## Task
Pictures stay out of the copy, and everything else in the data below is repeated exactly.
[Information supplied]
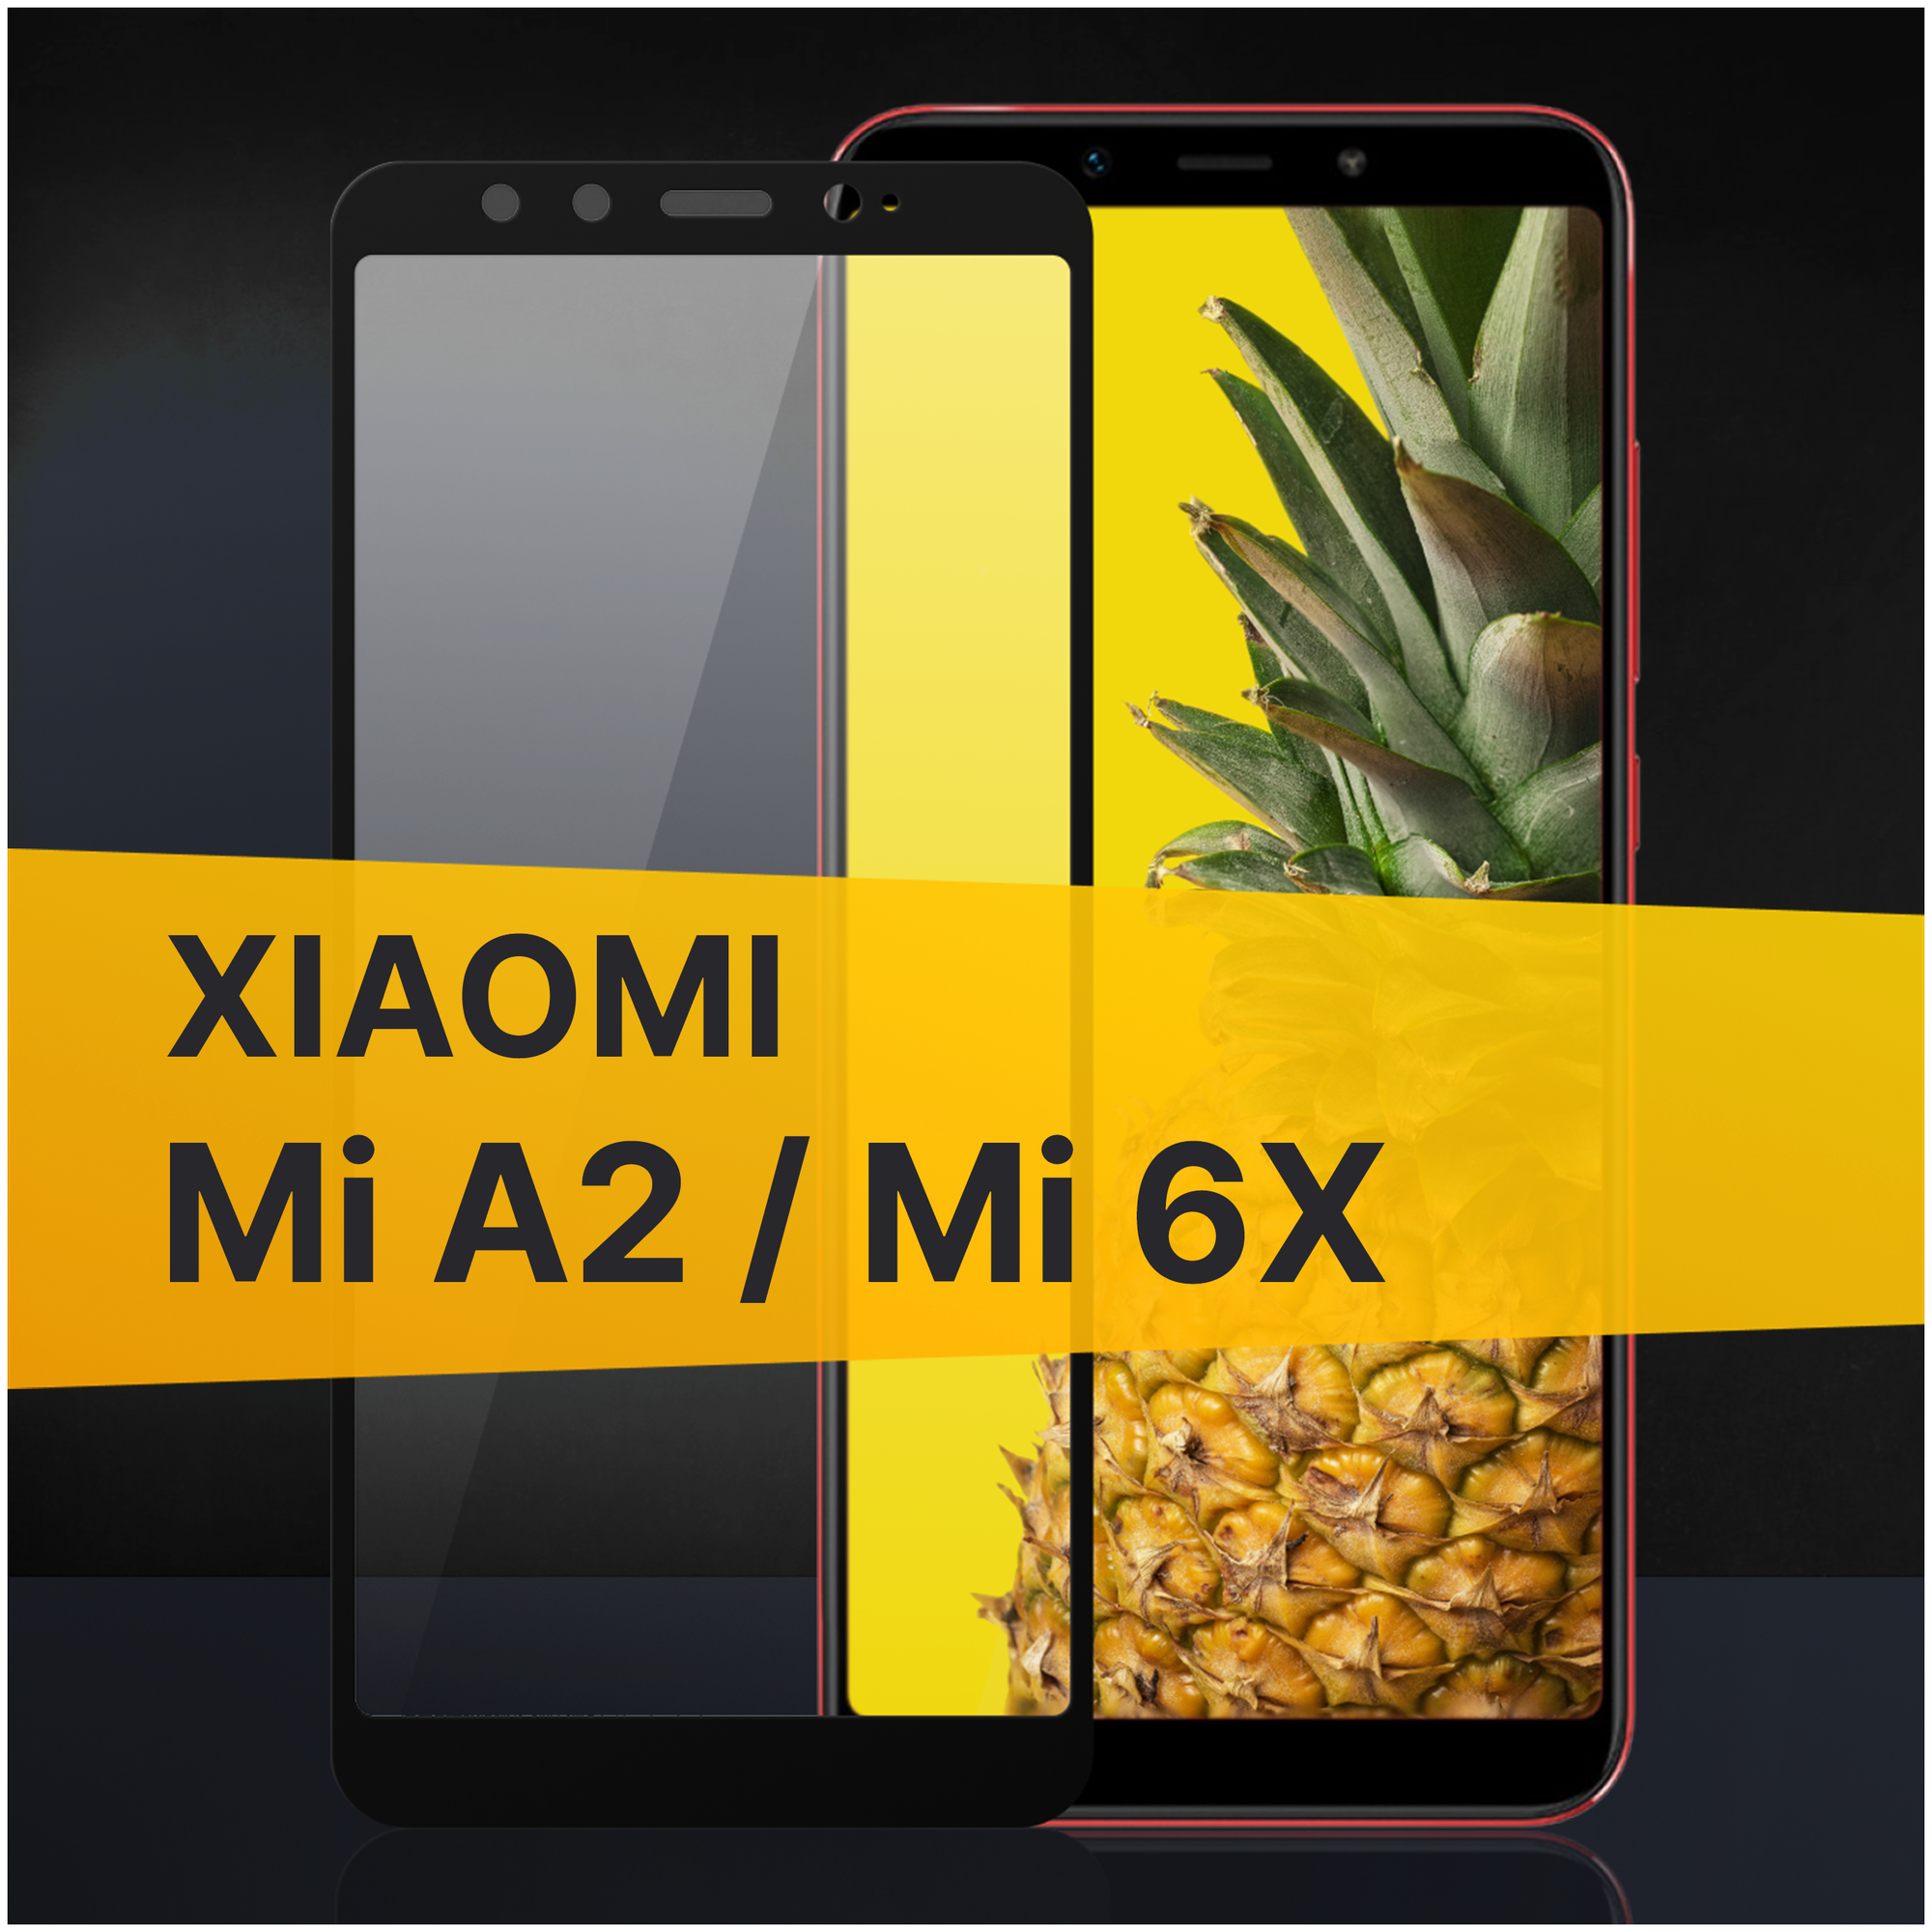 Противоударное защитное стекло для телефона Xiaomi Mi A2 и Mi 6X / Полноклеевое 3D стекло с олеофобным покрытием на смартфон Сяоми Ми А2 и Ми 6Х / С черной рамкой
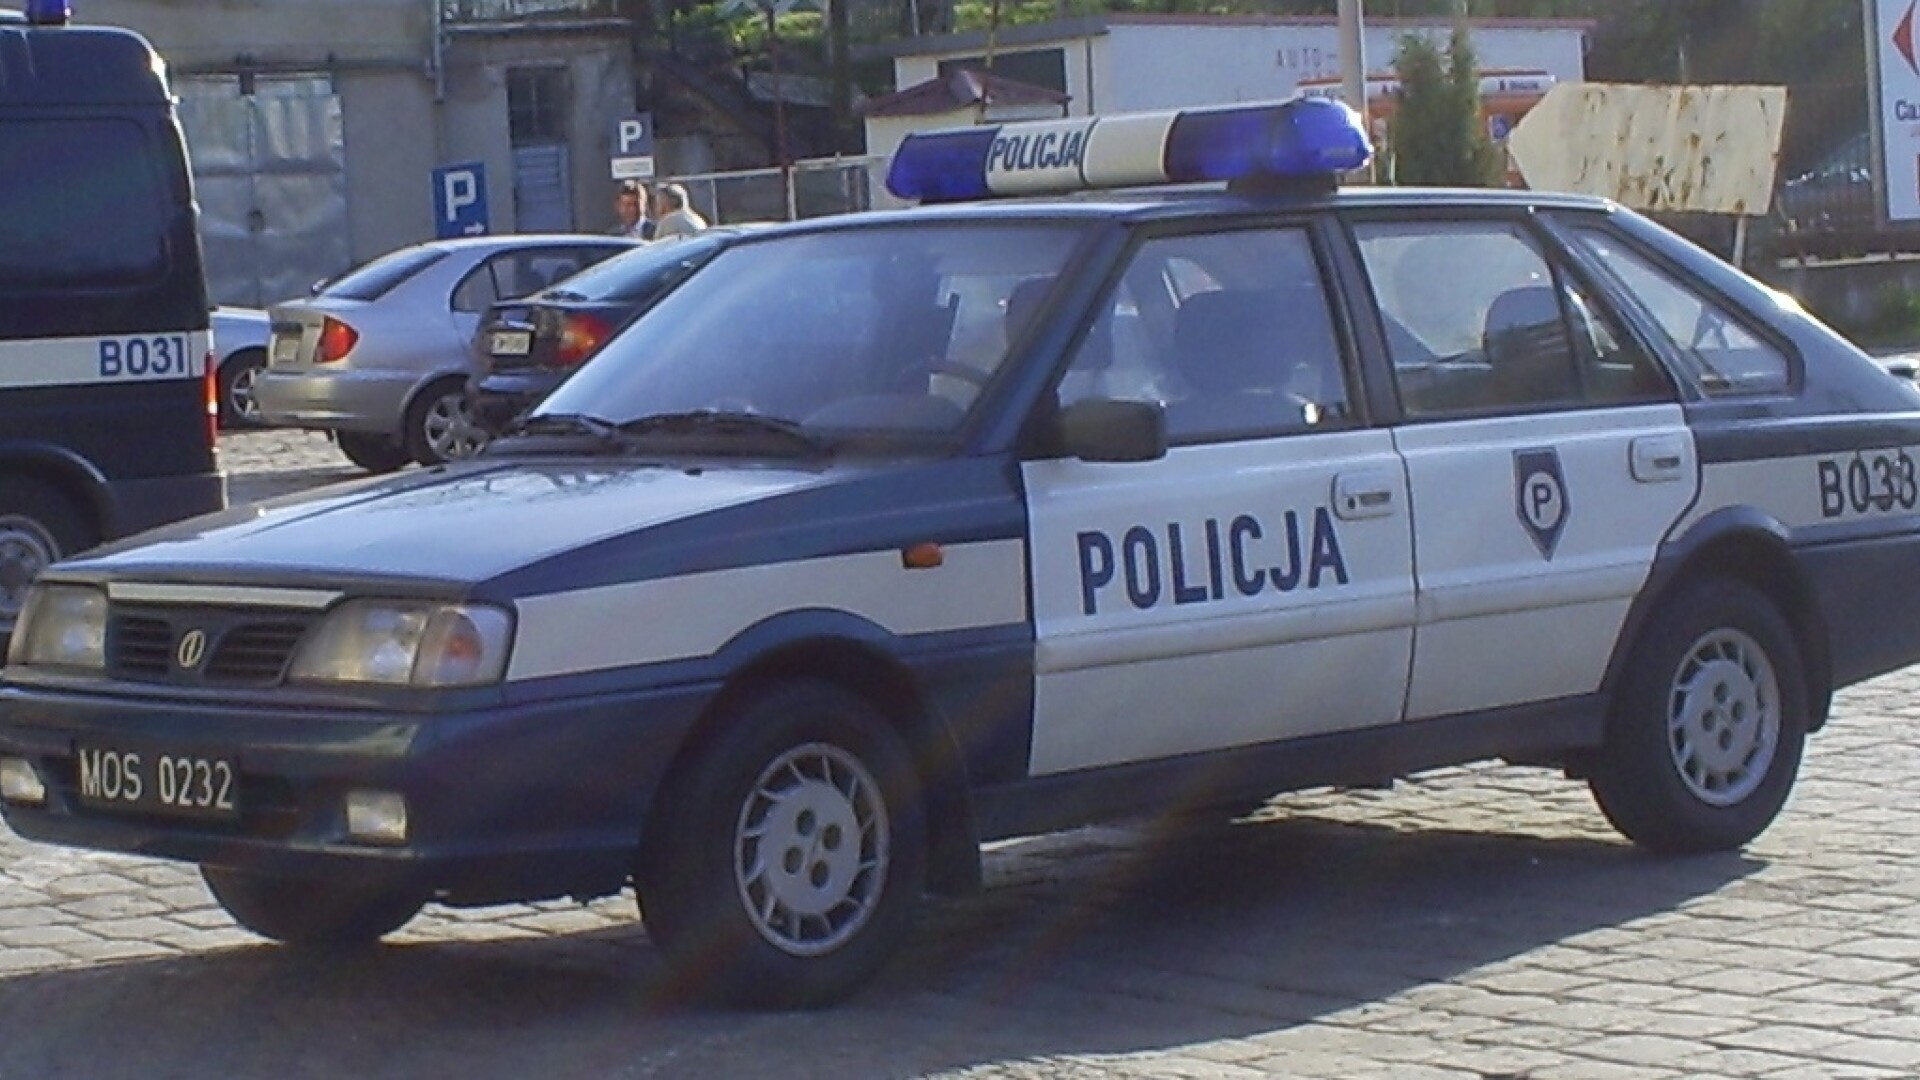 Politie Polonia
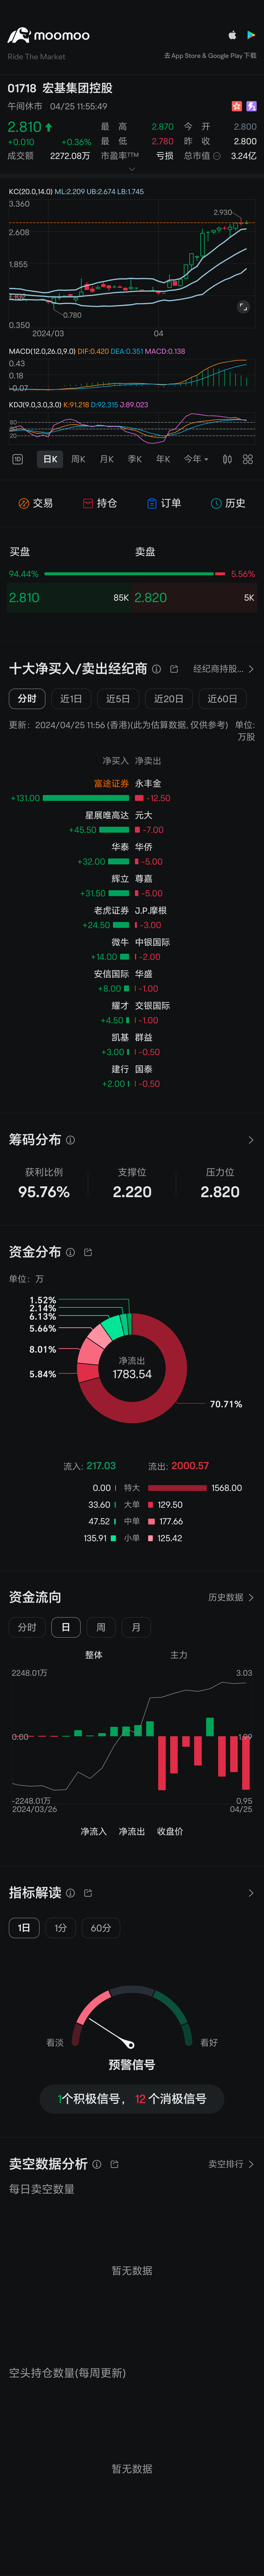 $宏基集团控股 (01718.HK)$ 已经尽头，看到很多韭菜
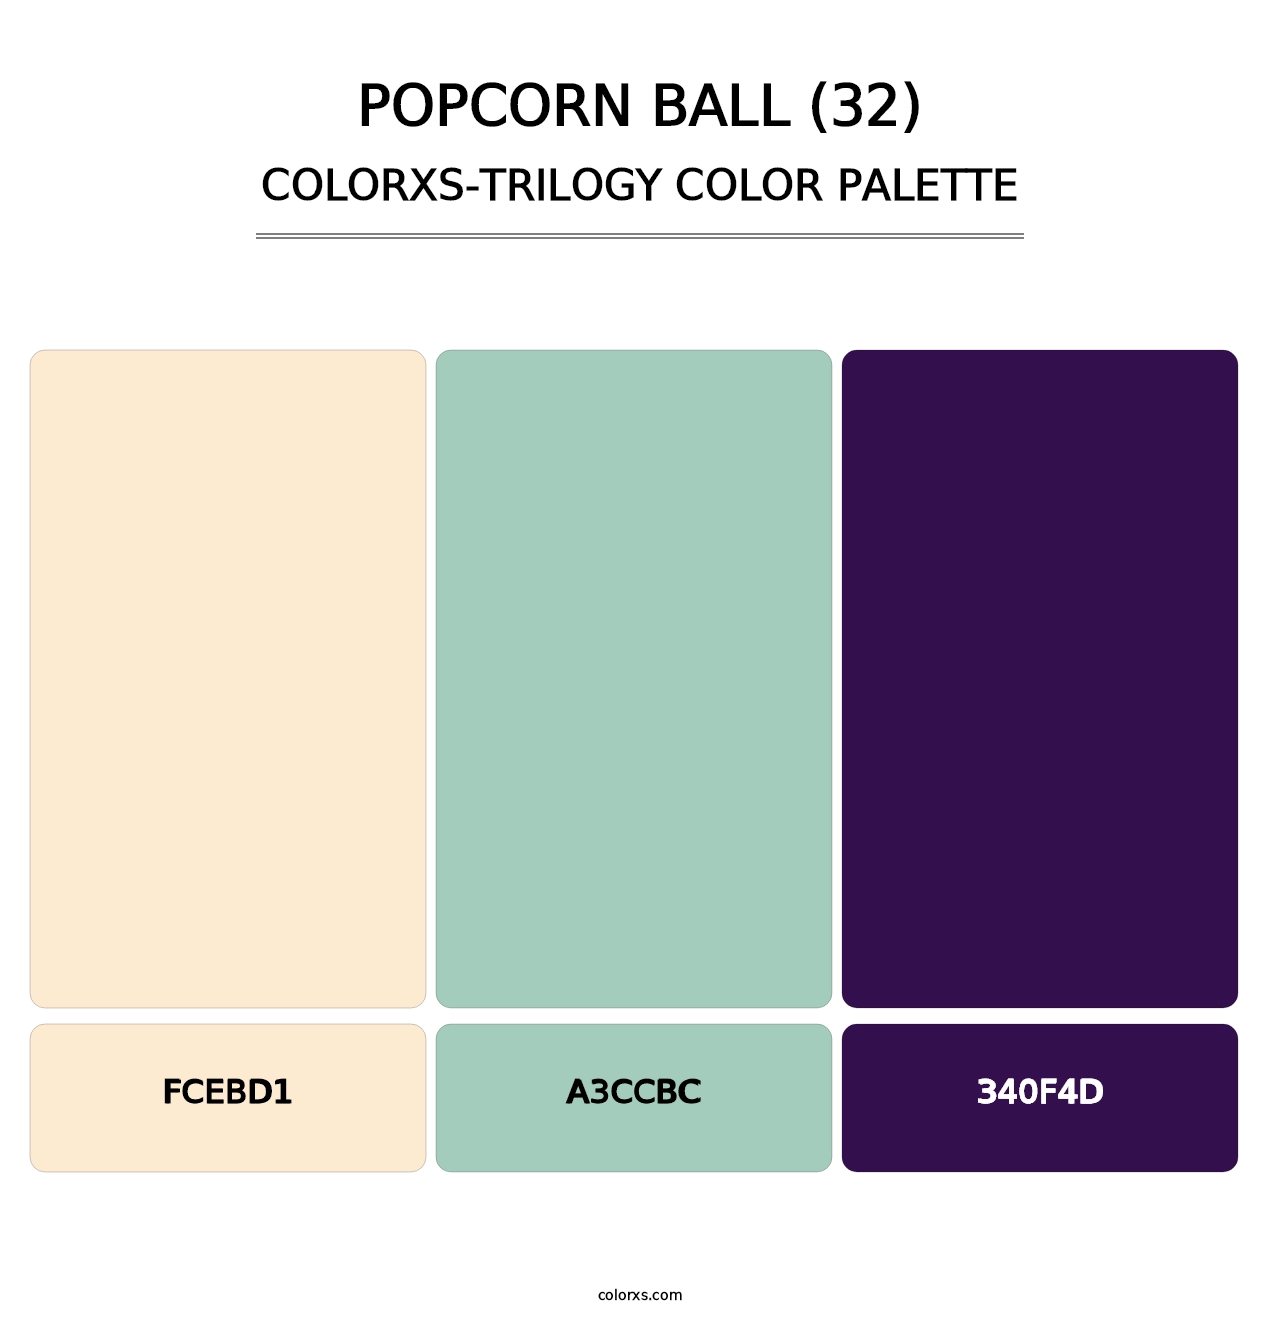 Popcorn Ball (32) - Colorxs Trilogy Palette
[/Information supplied]
## Output below
 Противоударное защитное стекло для телефона Xiaomi Mi A2 и Mi 6X / Полноклеевое 3D стекло с олеофобным покрытием на смартфон Сяоми Ми А2 и Ми 6Х / С черной рамкой
 Politie Polonia
 $宏基集团控股 (01718.HK)$ 已经尽头，看到很多韭菜
 Popcorn Ball (32) - Colorxs Trilogy Palette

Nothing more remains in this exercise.